And so in January 1933 the establishment conservatives decided to make an alliance with the National Socialist Party, which although uncouth, crazy, violent, and semi-socialist, did have more activist energy and voter support than any other party. The Nazis had no experience in running a government, even at the state level (Germany was divided into states—Prussia, Bavaria, Hamburg, etc.). It was expected that they would be ineffective in running Cabinet departments, overawed in Cabinet meetings and manipulated by their career civil servants. They only were allowed to hold one important Cabinet position and two minor ones.
The unimportant ones were Hermann Goering as Minister without Portfolio and Wilhelm Frick as Minister of the Interior (which did not control the police force). The treasury, the foreign service, and defense were in the hands of establishment conservatives. The only important Cabinet position the Nazis got was Chancellor, held by Hitler himself. That, indeed, was the top job. The President, Hindenburg, was more important, but the Chancellor headed the Cabinet. The symbolism was great, the conservatives thought. Here was General Paul Ludwig Hans Anton von Beneckendorff und von Hindenburg, the 85-year-old aristocratic hero of the battle of Tannenburg, the Hindenburg Line, and many other battles, grave, solemn, and dependable even in his declining years. Standing next to him was 44-year-old Corporal Adolf Hitler, low-born son of the bastard Alois Schicklgruber but nonetheless another genuine war hero, who won the Iron Cross for heroism as a “runner” carrying messages through the trenches. Hitler provided fire and humor to complement his boss’s gravitas. Truly this was a diverse government, representing both the Germany’s past and its present, the aristocracy and the common man.
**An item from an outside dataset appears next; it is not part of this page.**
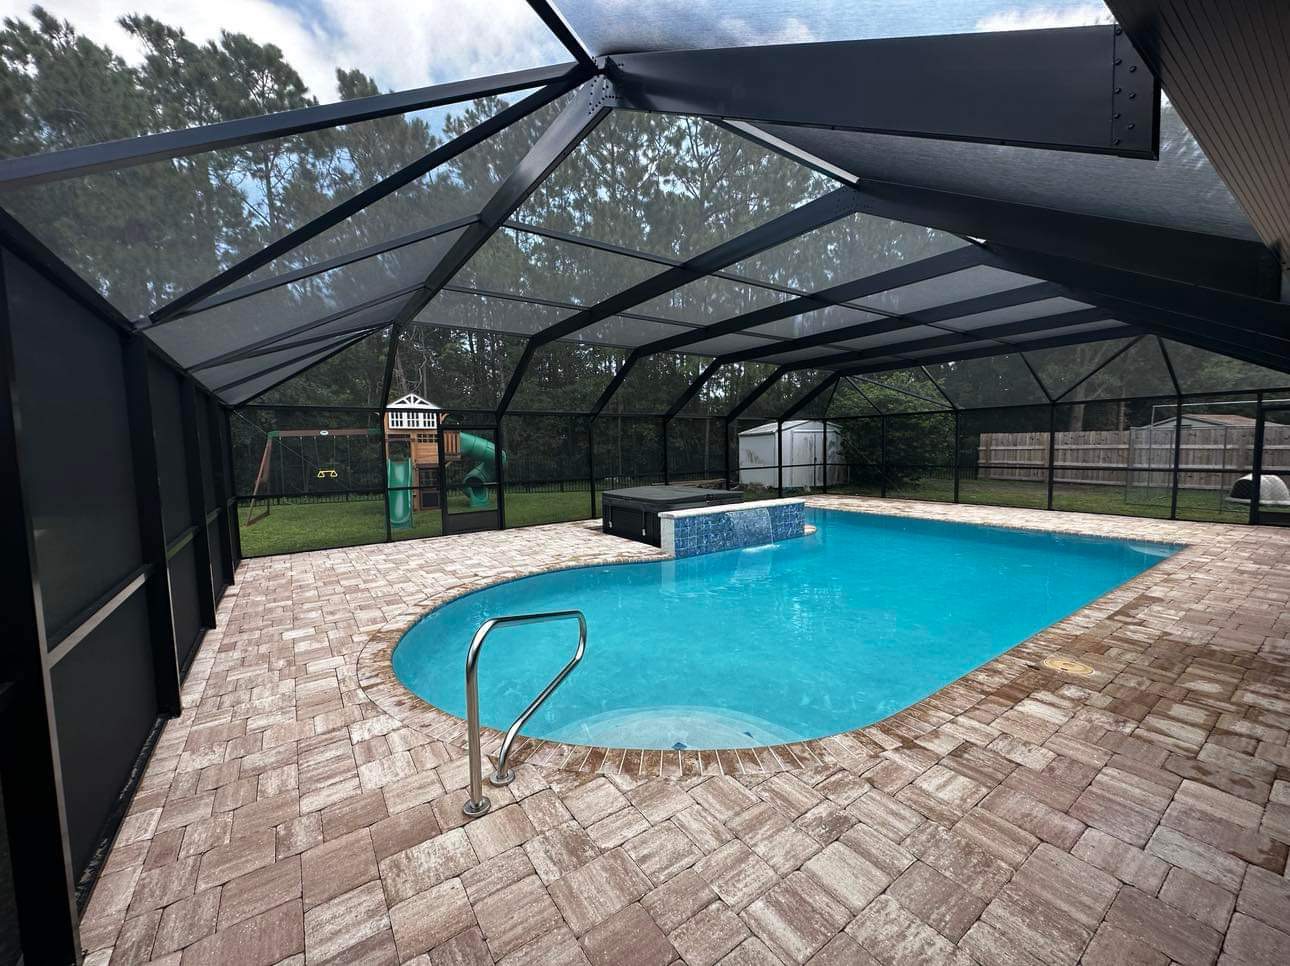 This beautiful swimming pool enclosure was designed and built by Screen enclosures and more in Jacksonville FL.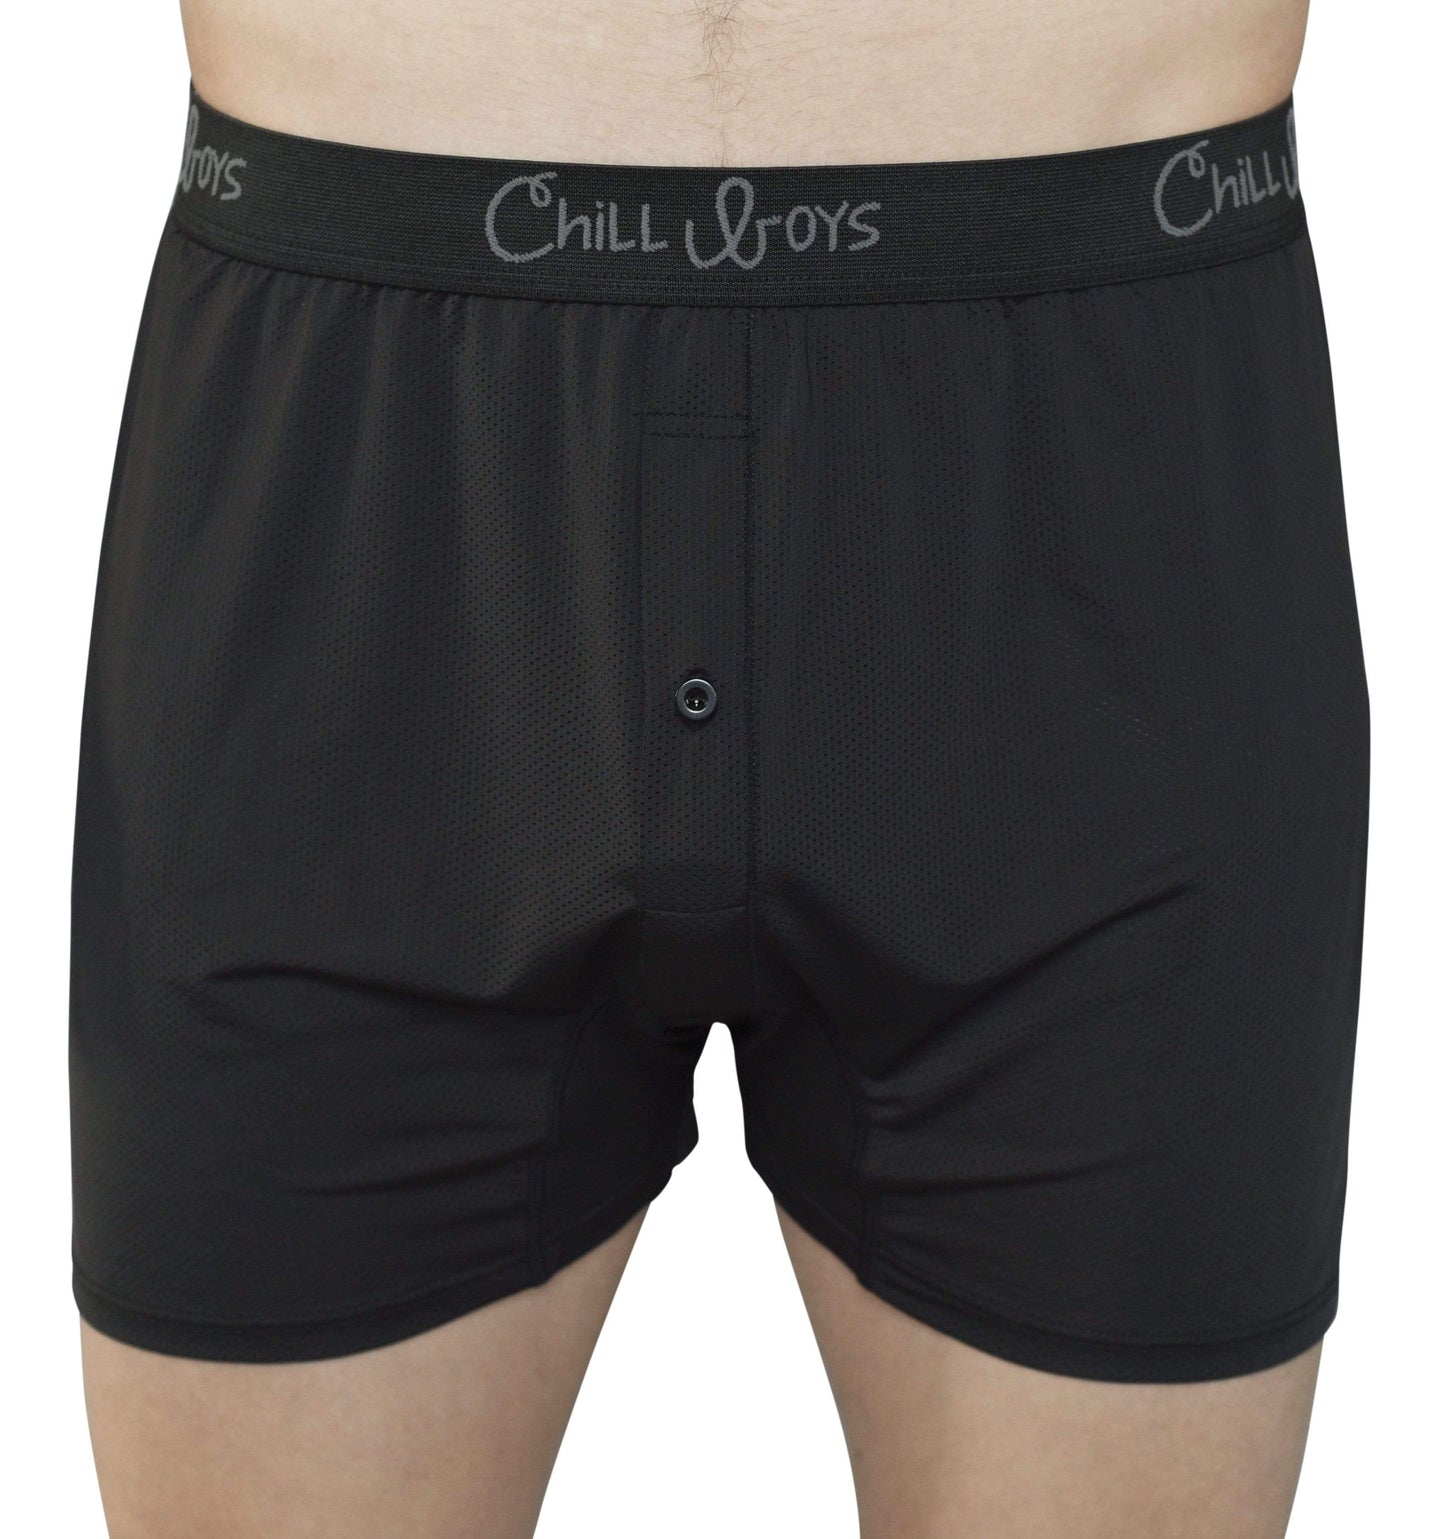 Chill Boys Performance Boxers - Cool, Soft, Breathable Men's Bamboo Underwear

And so we come to the Reichstag fire. In February 1933 the Reichstag building went up in flames. A young Communist named Marinus van der Lubbe was caught immediately and confessed. What was not confessed was that (though this is disputed) before van der Lubbe set his fire, the Brownshirts took a tunnel from the office of Reichstag President Goering to the Reichstag building one night and left flammable chemicals in strategic places in the building. Van der Lubbe was guilty, but he was a sucker, set up to take the fall. Four top Communist leaders were also arrested. They were not guilty. We know that because when the trial of the five arrested for the fire ended a year later, van der Lubbe was convicted, but all four leaders were acquitted by the court, even though by that time the Nazis had made Hitler dictator. It was an embarrassing acquittal, but it came too late, since by that time simply being a Communist was sufficient to land you in a concentration camp. In 1933, all that mattered was the announcement that the Communists had set the fire and four of their leaders had been arrested along with one low-ranking flunkey.
Why did that announcement matter? –because the day after the fire, Hitler with the help of Hindenburg’s son Oskar, “who was not noted for a brilliant mind or a strong character,” persuaded old President Hindenburg to sign a decree giving the Chancellor emergency powers. Historian William Shirer says:
“It was generally believed in Nazi circles that Hitler made both offers and threats, the latter consisting of hints to disclose to the public Oskar’s involvement in the Ostlife scandal and the tax evasion on the Hindenburg estate. One can only judge the offers by the fact that a few months later five thousand tax-free acres were added to the Hindenburg family property at Neudeck and that in August 1934 Oskar was jumped from colonel to major general in the army.” (William Shirer, The Rise and Fall of the Third Reich, p. 181)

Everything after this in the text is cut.